Totally agree with the other two. It will take time and alot of patience. Make sure your kitty has a safe place. I use a baby gate with a kitty section. I got it at target. Plus make sure the litter box is safe from the dog. It is like a big treat to them.


----------



## Deb_Bayne (Mar 18, 2011)

Bayne is 8 months and just now are the cats not running away whenever they see him, but when he gets rambunctious and wants to play they'll either run away, stand their ground and hiss or swat at him. I do notice that their claws are not extended since I accidentally got in between them fearing of claw contact and not a scratch. I feel when Bayne is a lot more of a calm dog then the cats will trust him not to be the bouncy bouncy bow yippy puppy he is right now.


----------



## opie (Aug 31, 2011)

WE have a 4 1/2 month old golden and a 6 year old cat that hates everything. We have the upstairs gated off so Roxie our golden can't go up where the cat is. At first she stayed up there and we would not see the cat for days. Now she is venturing down and sleeping in our bed like she used to. Roxie sleeps in our room also.

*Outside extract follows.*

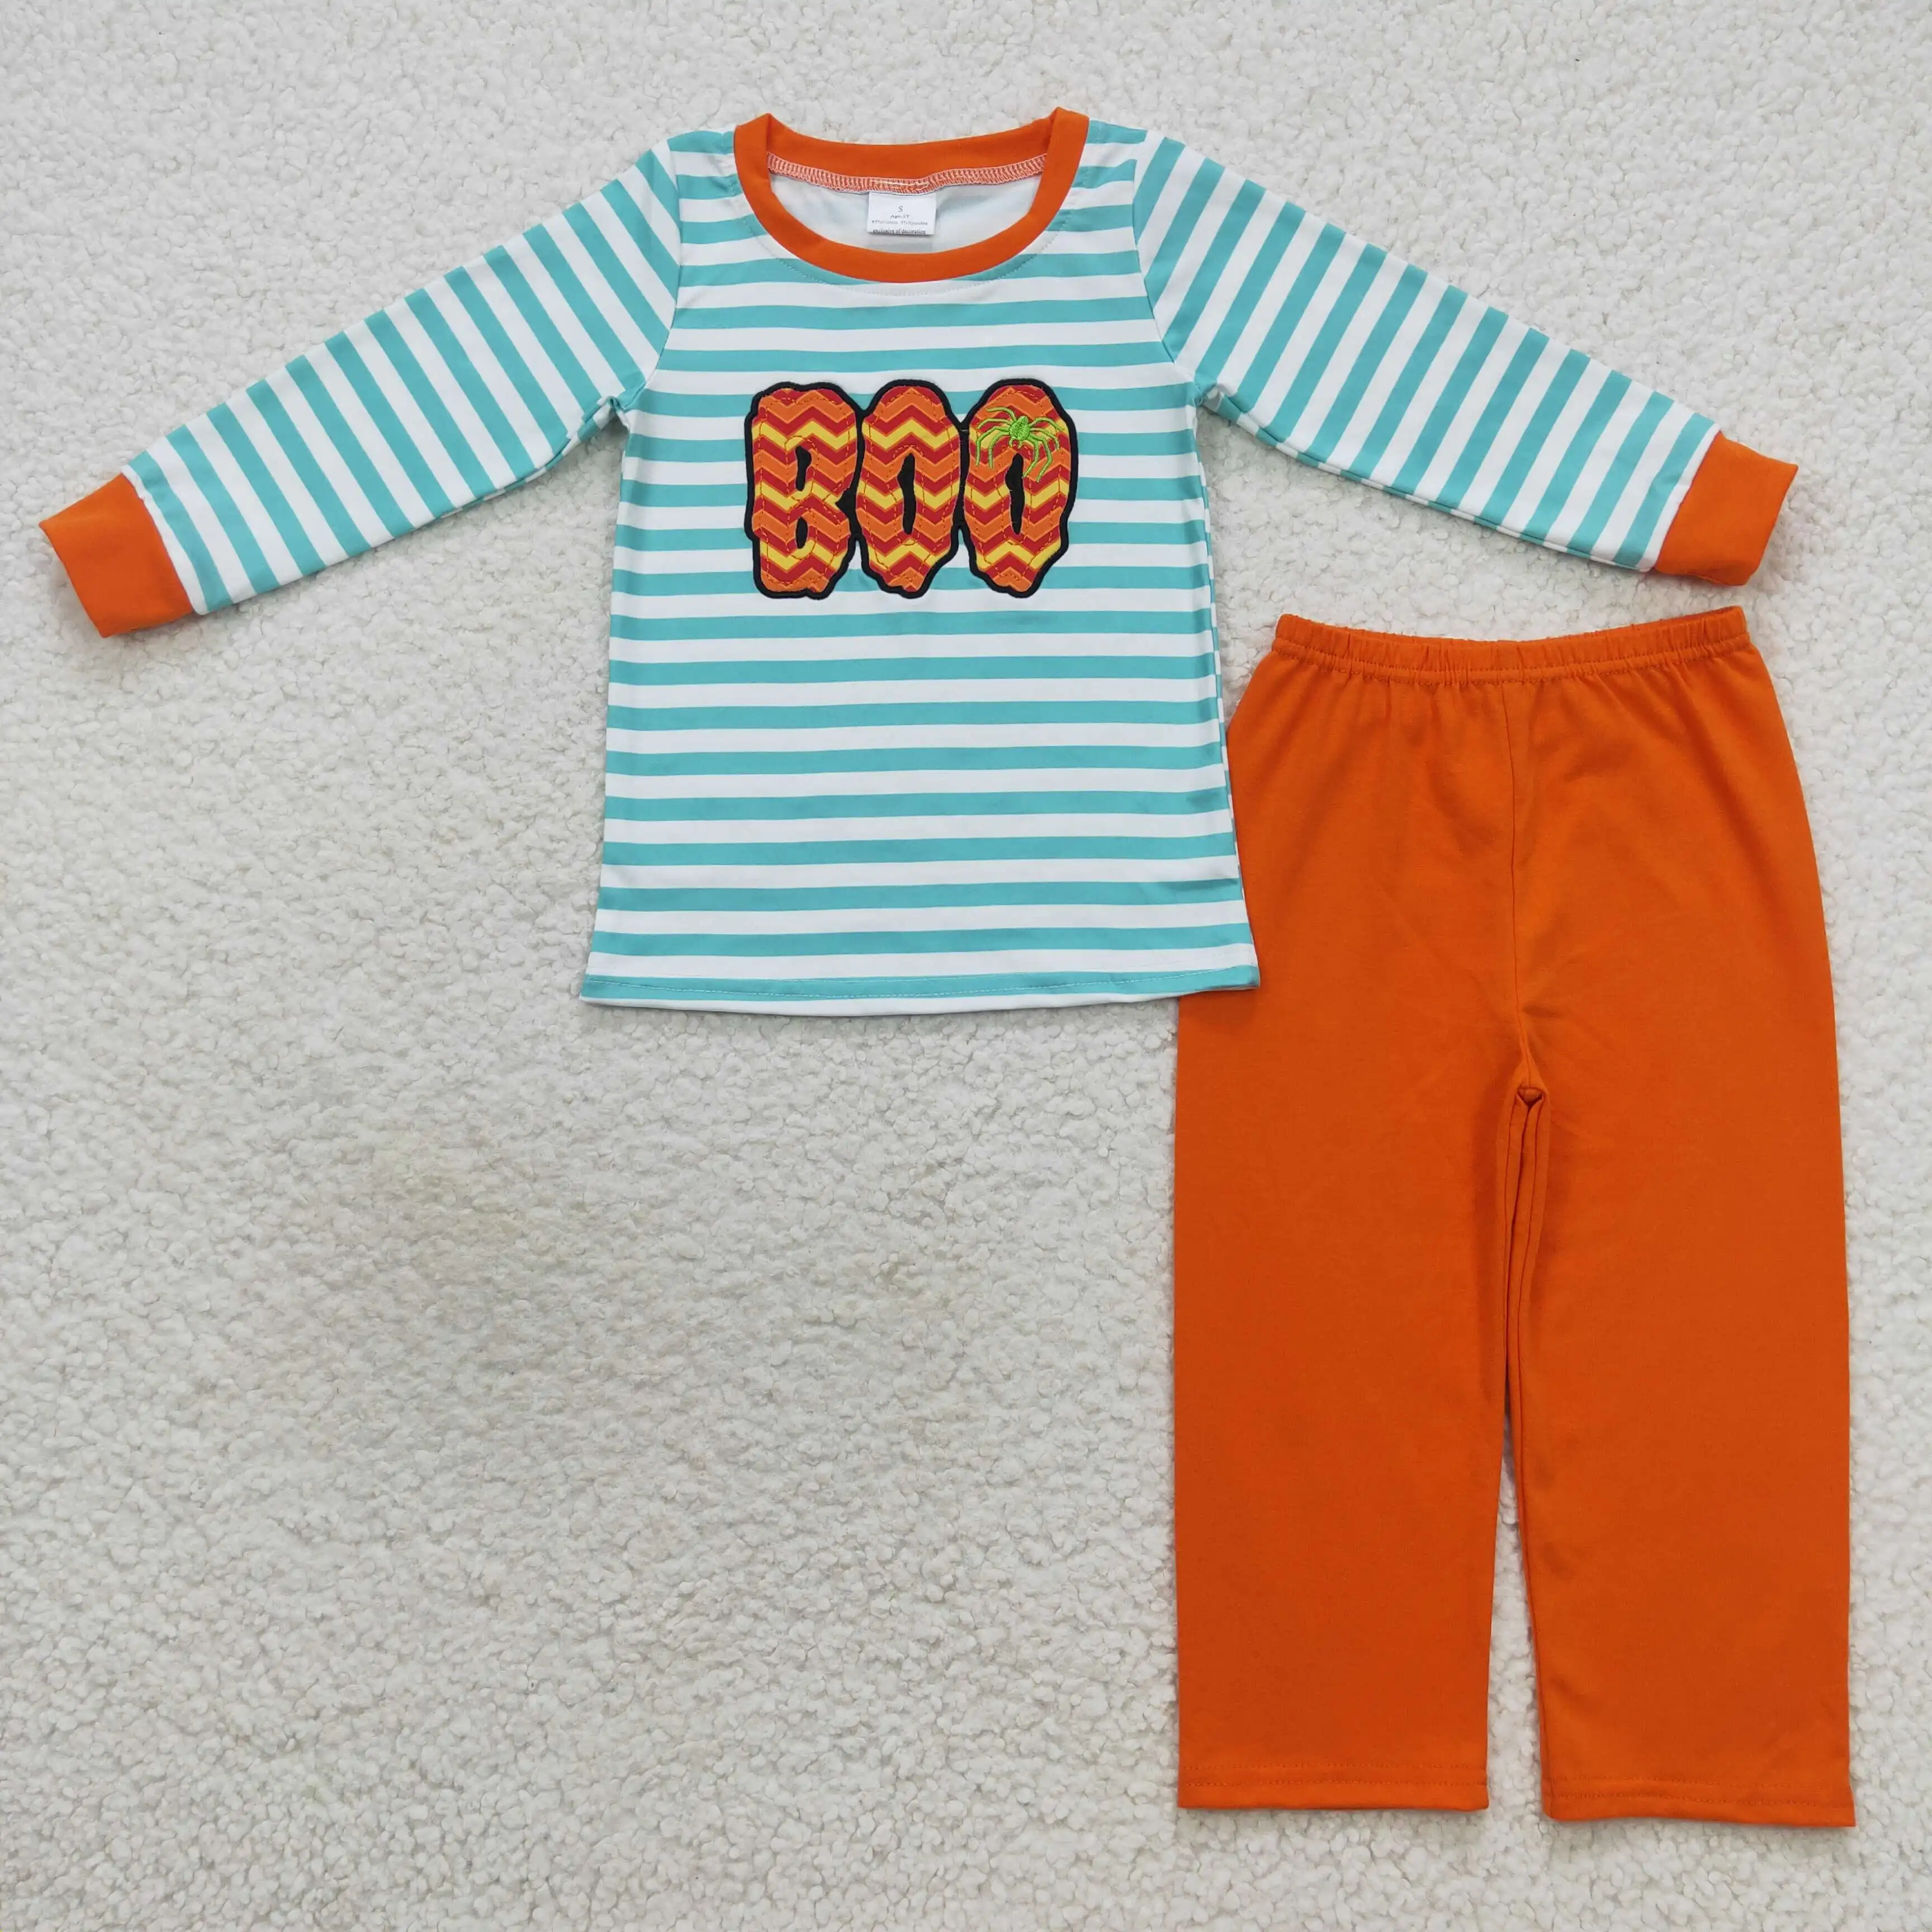 оптовая торговля для мальчиков вышитая надпись синяя и белая полосатая оранжевая одежда с длинными рукавами детская одежда горячая распродажа набор одежда для девочек и мальчиков
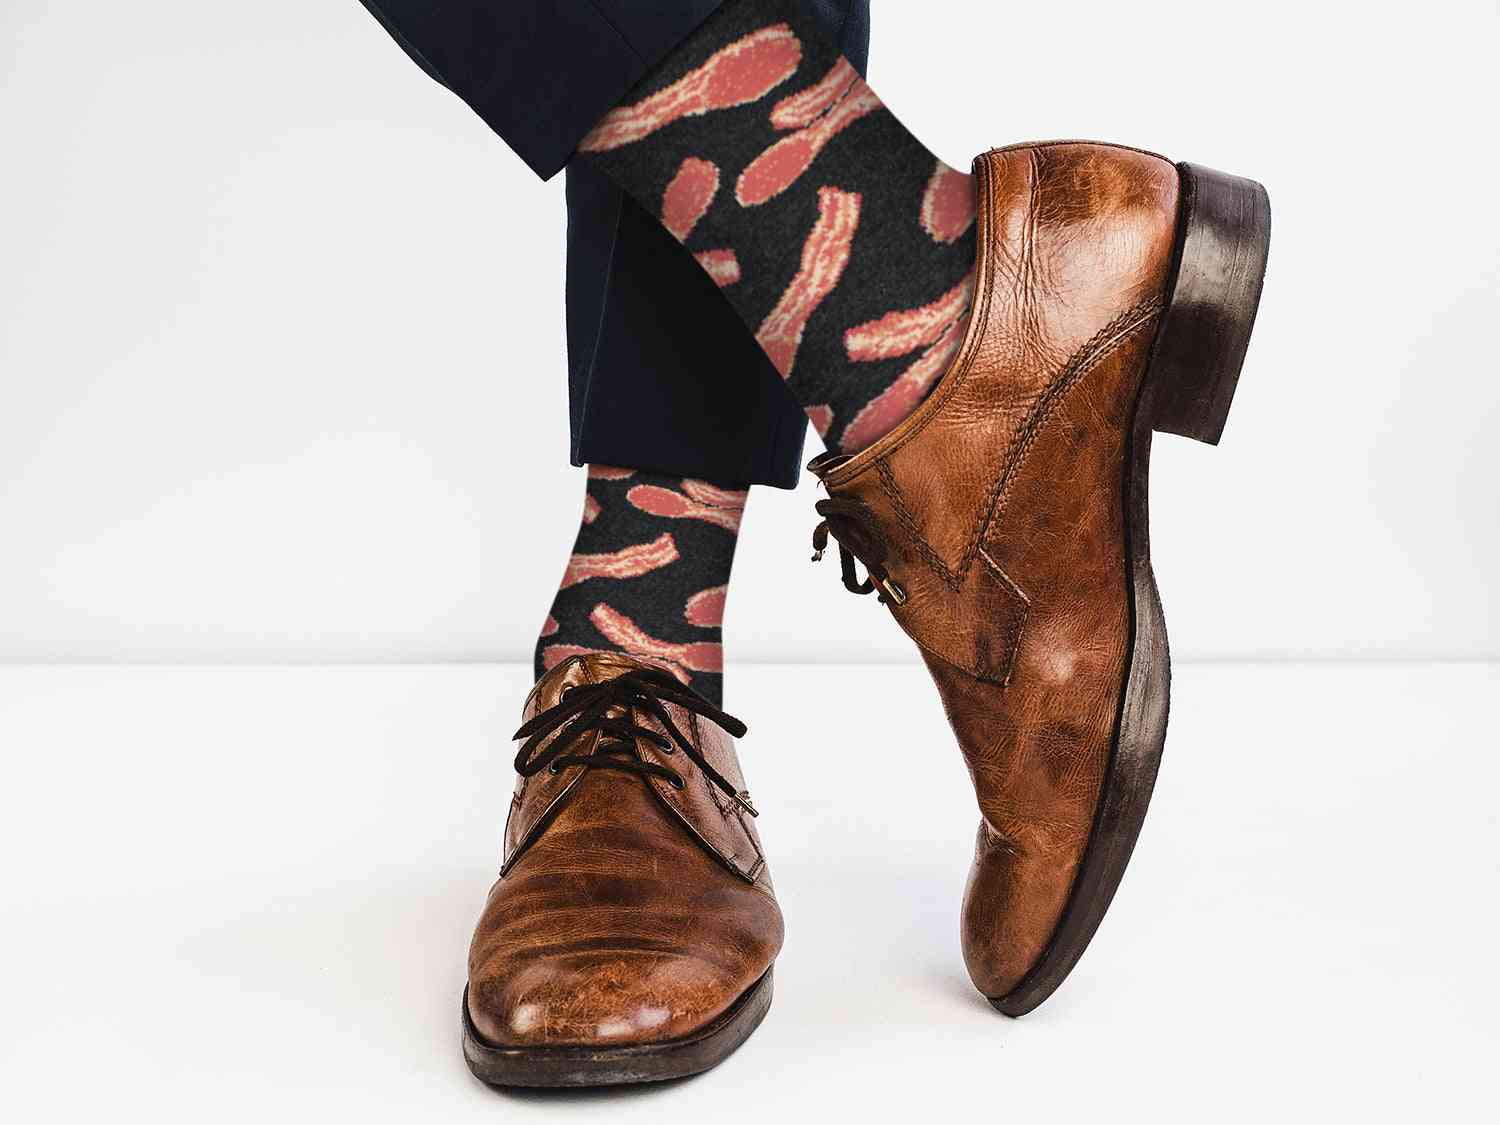 Hyggelige designer trending bacon sokker

Roxie has learned much quicker than the cat, she knows not to play with the cat. On the other hand the cat can't stand to be near Roxie. If Roxie comes close just to go around the bed, the cat hisses. We have been getting onto the cat more and more for being rude and praising Roxie for not messing with the cat.

The gate to go upstairs was at first tightly against the railings, but now we just have it propped up by the stairs, makes it easier to go upstairs. Expect your dog to learn quick and the cats not so much ;-)

--Keith


----------



## Discoverer (Feb 3, 2011)

Read this thread with some good advices.


----------



## Charlie's Mom NJ (Sep 22, 2011)

I separated my house in to two "zones", separated by a baby gate. The puppy was allowed in the living room, dining and kitchen (supervised) and then the cat had the hallway, bathroom, laundry room and three bedrooms blocked off by one baby gate. The cat would just jump over the gate to check out the puppy whenever he was sleeping or relaxed and she would just hide behind the gate when she needed to escape. They are the best of friends now and cuddle together ALL day. (See my avatar!)


----------